Comment by: Ian on 12th December 2019 at 08:27

I remember a paint shop there in the early 1980's by the name of Harridges. They used to make their own paint and sell it in cans with a no frills basic paper label attatched to it with their name on it. It was good stuff too. Just as good as the main named brands and a lot cheaper.

Comment by: Barrie on 12th December 2019 at 12:21

Philip G- Mynah birds are no longer imported into the UK since (I think) the late 80's by law. In the mid 70's my Father-in-law was given a Mynah bird for one of his Birthdays by the family. It was a very intelligent bird and a good mimic. It was a male and named Henry. I think my Sister-in law & Brother-in-law got in from a specialist pet importer in Liverpool.Can't remember how much we paid for it now neither can my wife. For the life of me, I don't remember the Wiend Wigan.

Comment by: Philip G. on 12th December 2019 at 16:21

Thanks for that, Barrie. And I think there'd been a knowing-hand in choosing such a gift.

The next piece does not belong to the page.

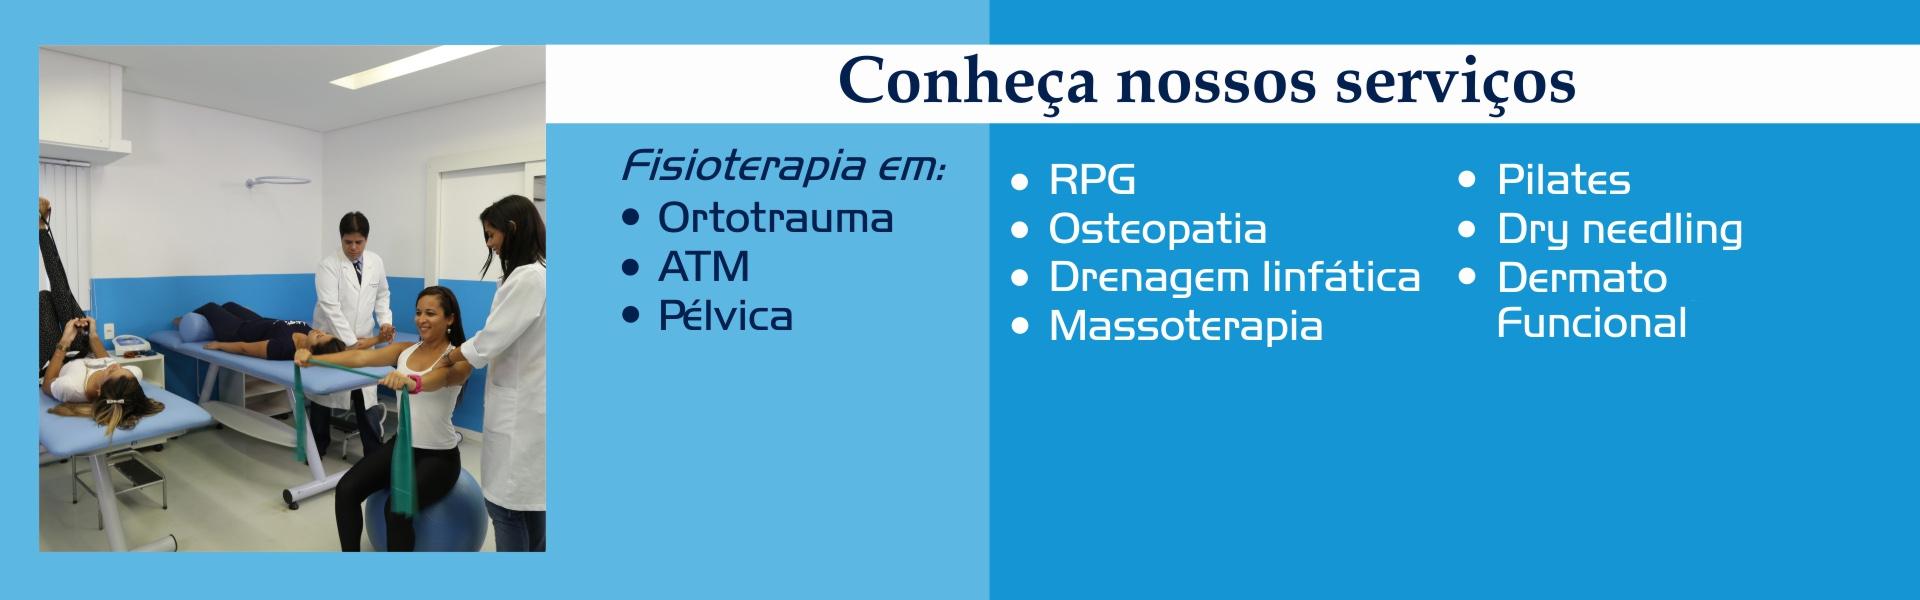 serviços-20160331

Comment by: DTease on 12th December 2019 at 20:06

I seem to remember some years ago the (then) landlord of the Crown Hotel, New Springs kept a Mynah bird in the bar. My word! the language that the locals taught that bird was enough to make the devil blush!

Comment by: Imaureen on 16th December 2019 at 16:07

Some years ago,one of our near had a mynah bird..every time a female walked up or down the road he would wolf whistle..and they would start to fix their har thinking of course that I was a man whistling at them,and if my young uns knocked on the front door it would shout " Debbie you're wanted" at the top of his voice which sounded just like .Debbies Mum.

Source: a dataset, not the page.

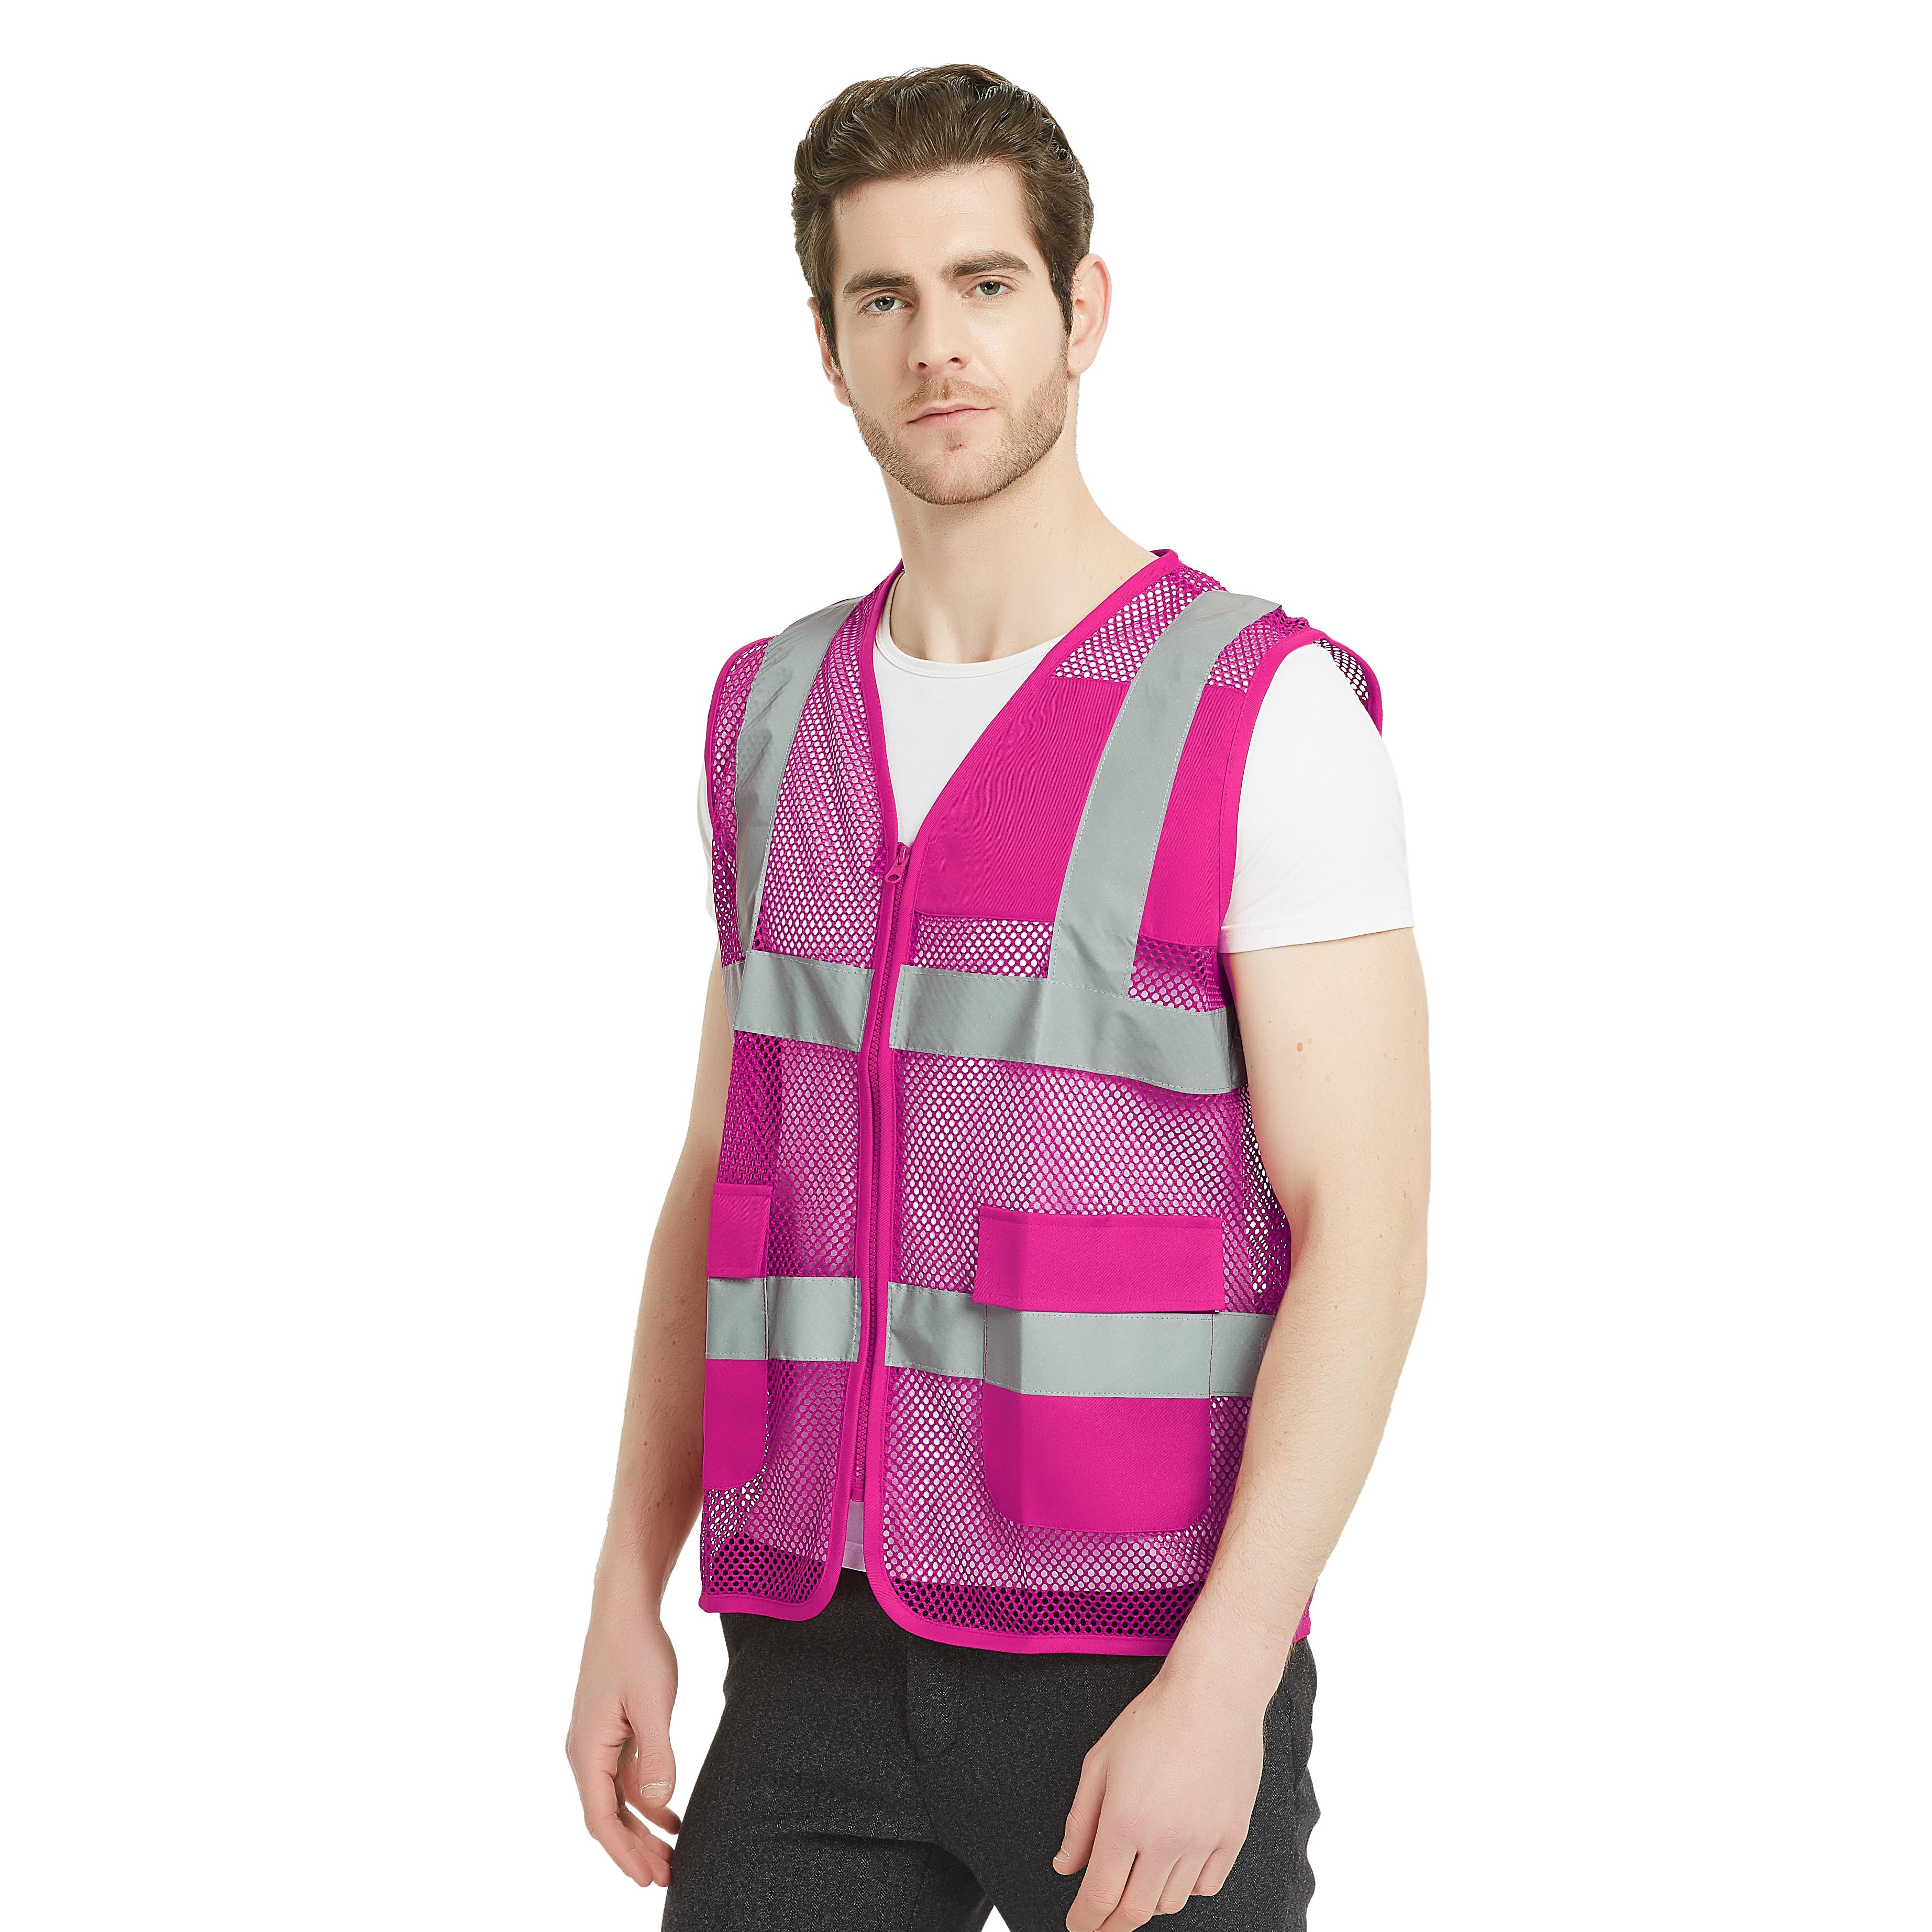 GOGO Unisex Mesh Volunteer Safety Vest

Comment by: Bernard Dowdall on 21st December 2019 at 00:54

I worked in the Wiend in the 60's for Joe Kennedy, the bookmaket.Our office was above Stylo shoe shop and Mdame Blackshaws hairdressers.The white buildings on right date back to Civil war when Lord Derby's men hid before the battle of Wigan Lane.

Comment by: Philip G. on 21st December 2019 at 22:18

Nice post Bernard. You might also enjoy looking at DTease's 'Item 30634'. And there's also Items 26683 and 30615.